Exercise goal — What should be copied is the stretch of entries below from the line with "Public Attitudes to" up to and including the line with "download dragon age inquisition for pc", exactly and without images.

Task data —
---

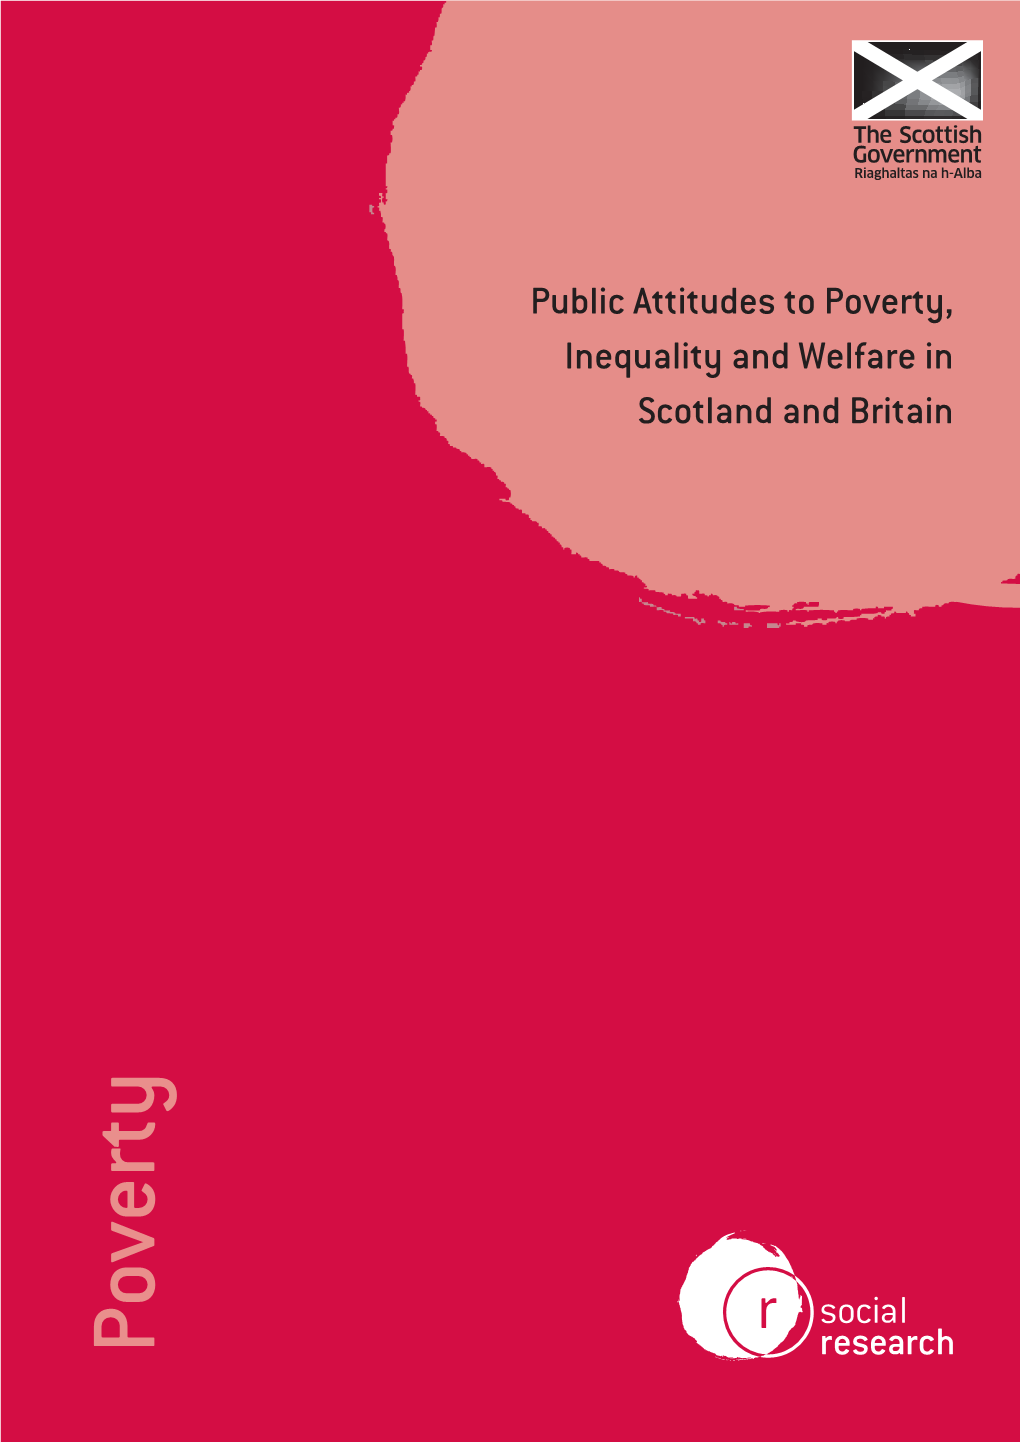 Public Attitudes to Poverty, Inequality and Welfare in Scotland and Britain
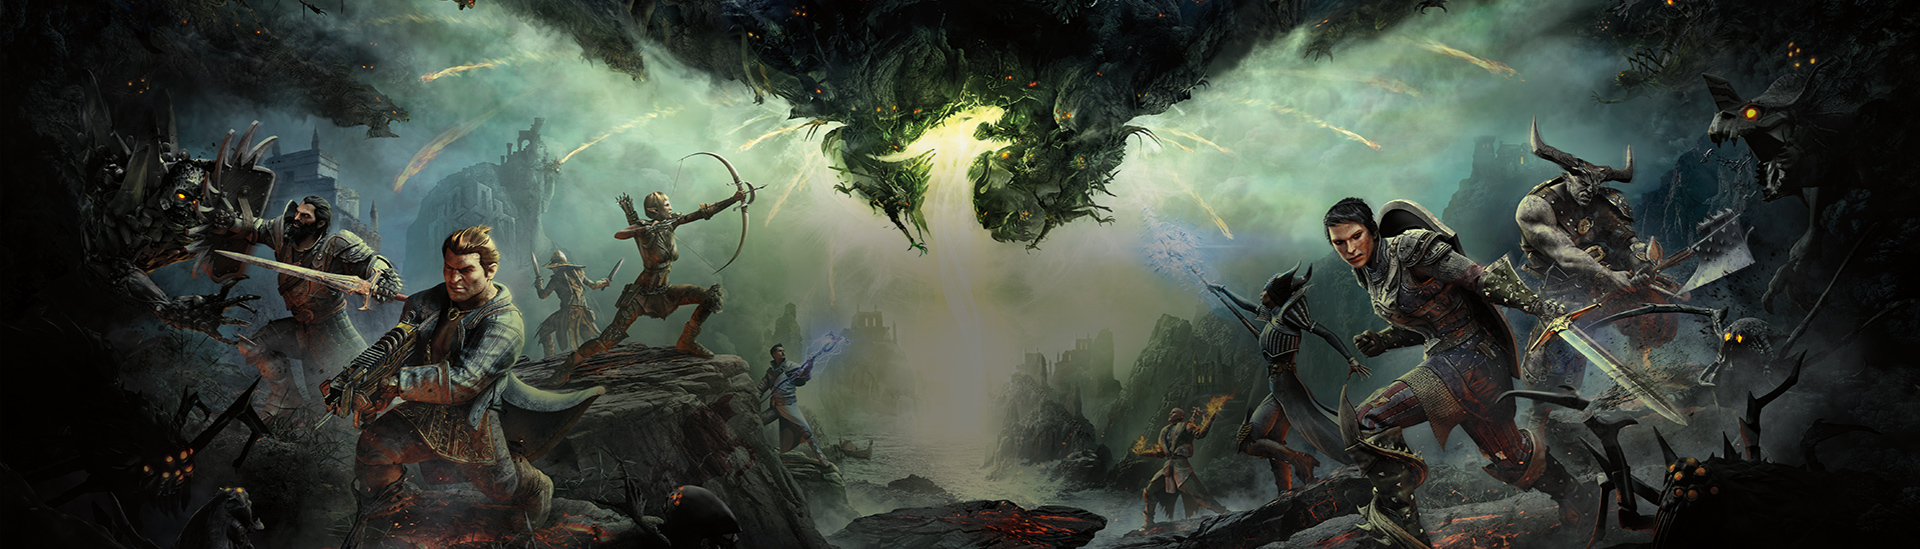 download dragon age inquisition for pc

---

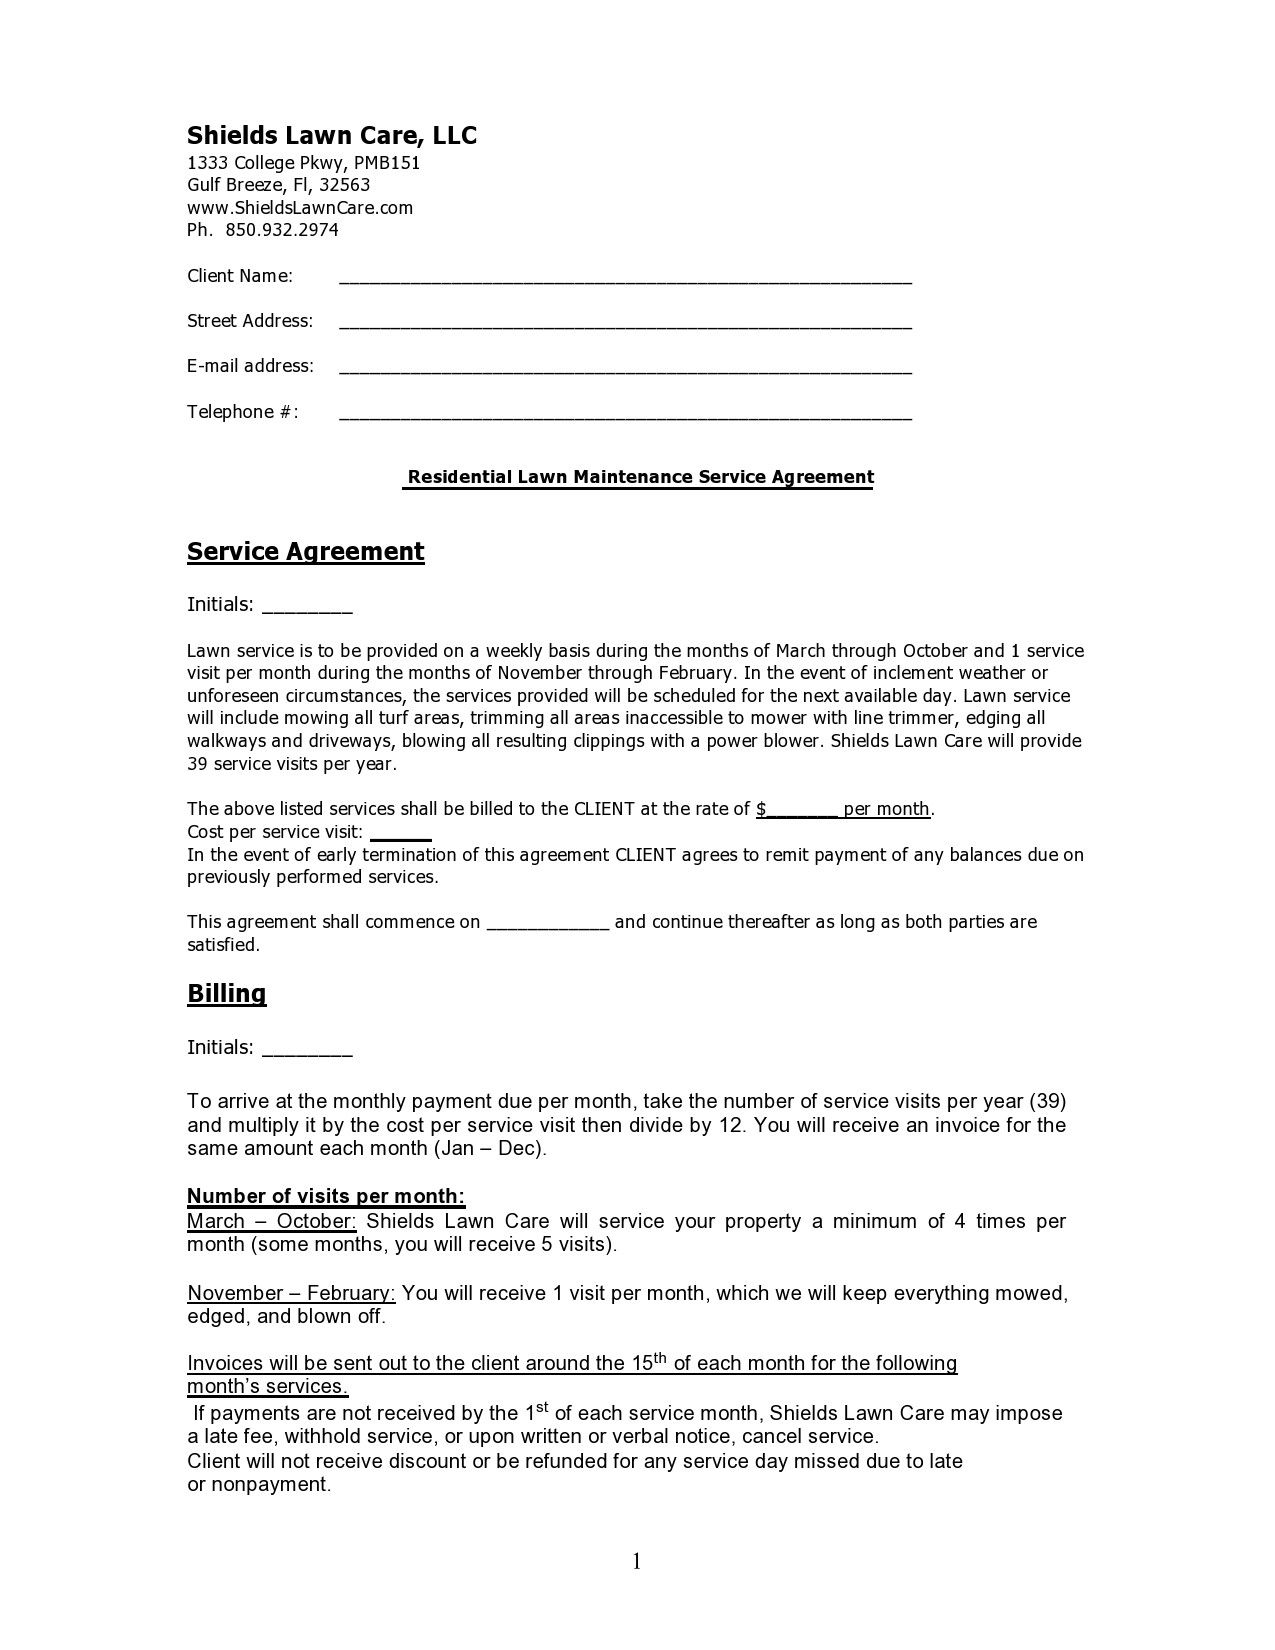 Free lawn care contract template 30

---

Problem solution —
 Public Attitudes to Poverty, Inequality and Welfare in Scotland and Britain
 download dragon age inquisition for pc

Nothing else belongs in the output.